The senior men's Greek national basketball team took part in its first FIBA European Championship (EuroBasket) at the EuroBasket 1949, where they won the bronze medal. Greece's first big success as a nation in basketball was when their senior men's national team won the gold medal at the EuroBasket 1987, which led to a breakthrough for the sport of basketball in the country. In the EuroBasket 1987 tournament's final, which was played in Piraeus, Greece, at Peace and Friendship Stadium (SEF), Greece defeated the heavily favored Soviet national basketball team (which included star player Šarūnas Marčiulionis) in overtime, by a score of 103 to 101.

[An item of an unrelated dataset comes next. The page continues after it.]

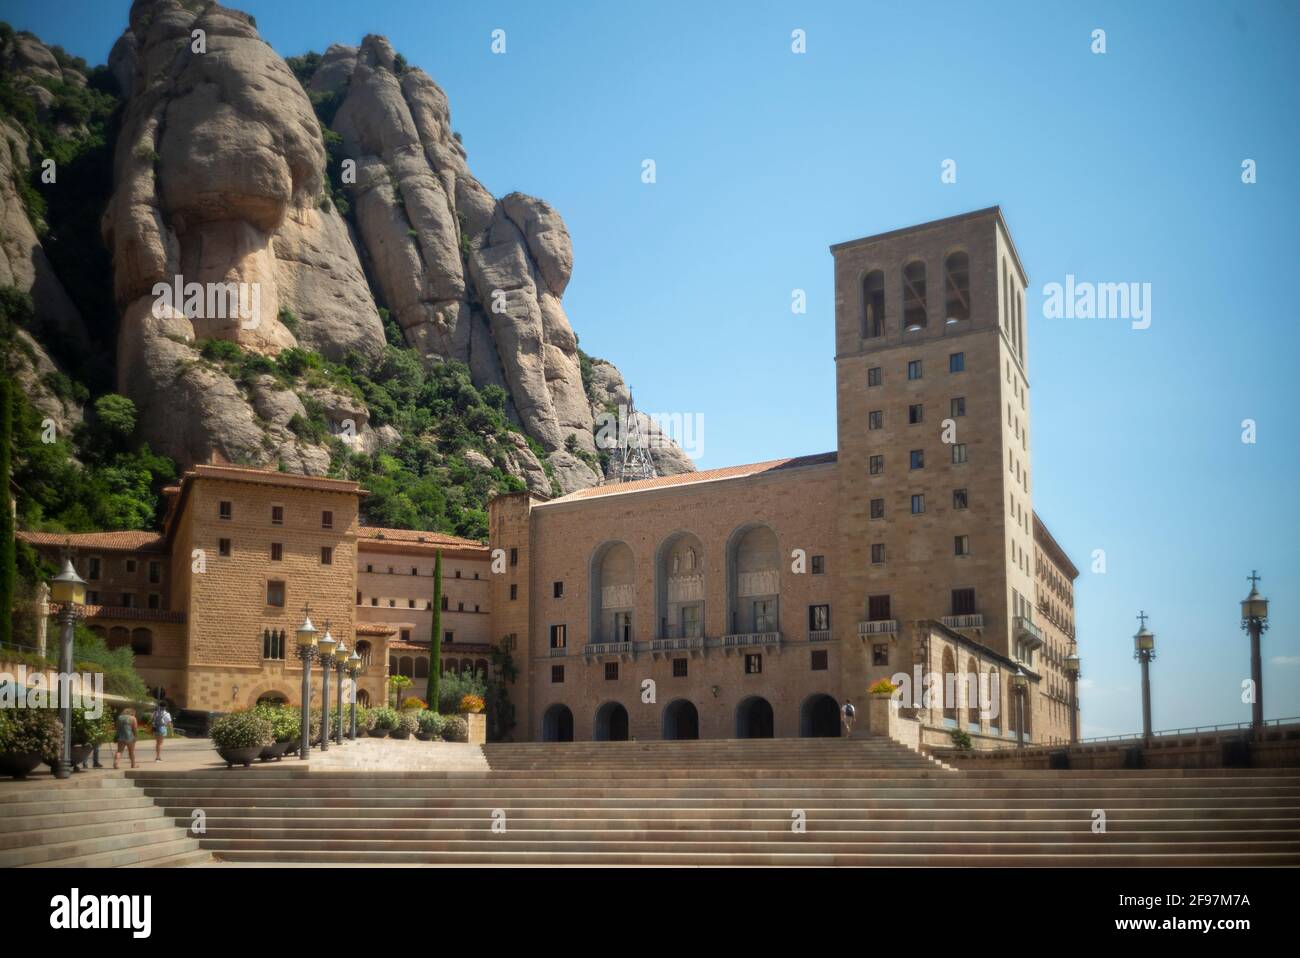 Pas beaucoup de tourisme au monastère de Montserrat à Monistrol - régulier il y a 10.000 personnes par jour - pendant Corona il n'y avait qu'environ 40 personnes dans toute la région. Catalogne, Espagne Banque D'Images

The MVP of the EuroBasket 1987 was Nikos Galis, who to this day, still remains the biggest sports icon in Greece. In the subsequent EuroBasket tournament in 1989, Greece again reached the final, where they lost to the Yugoslavia national team, which led by its star player Dražen Petrović, went undefeated during the tournament. By taking the silver medal at the EuroBasket 1989, Greece cemented its position among Europe's leading basketball nations.

Greece also won the gold medal at the EuroBasket 2005, which was held in Serbia, after defeating Dirk Nowitzki-led Germany in the finals, by a score of 78 to 62.

Greece's senior men's national basketball team took part in a World Championship (now known as the FIBA Basketball World Cup) for the first time at the 1986 FIBA World Championship, where they finished in tenth place. Greece made it to the semifinals of both the 1994 FIBA World Championship and the 1998 FIBA World Championship, which Greece also hosted. At the 2006 FIBA World Championship, which was held in Japan, Greece won the silver medal, after defeating the heavily favored USA by a score of 101-95 in the semifinals.

Junior national teams[edit]

The Greek junior national team won a gold medal at the 1995 junior men's FIBA Under-19 World Championship. As the tournament's host nation, the Greek junior national team won the gold medal by defeating the junior men's Australia national basketball team by a score of 91-73 in the final. The gold medal winning under-19 team of 1995 included such players as: Michalis Kakiouzis, Nikos Hatzis, Giorgos Kalaitzis, Dimitris Papanikolaou, Giorgos Karagkoutis and Efthimis Rentzias, who was voted the MVP of the tournament.

Mediterranean Games[edit]

Greece has also always taken part in the Mediterranean Games. The greatest success of the men's national team at the Mediterranean Games is the gold medal, which they won in 1979. Furthermore, Greece has won four silver medals at the tournament, in the years 1991, 2001, 2005, and 2009. In addition to that, they have also won three bronze medals at the tournament, in the years 1955, 1971, and 1987.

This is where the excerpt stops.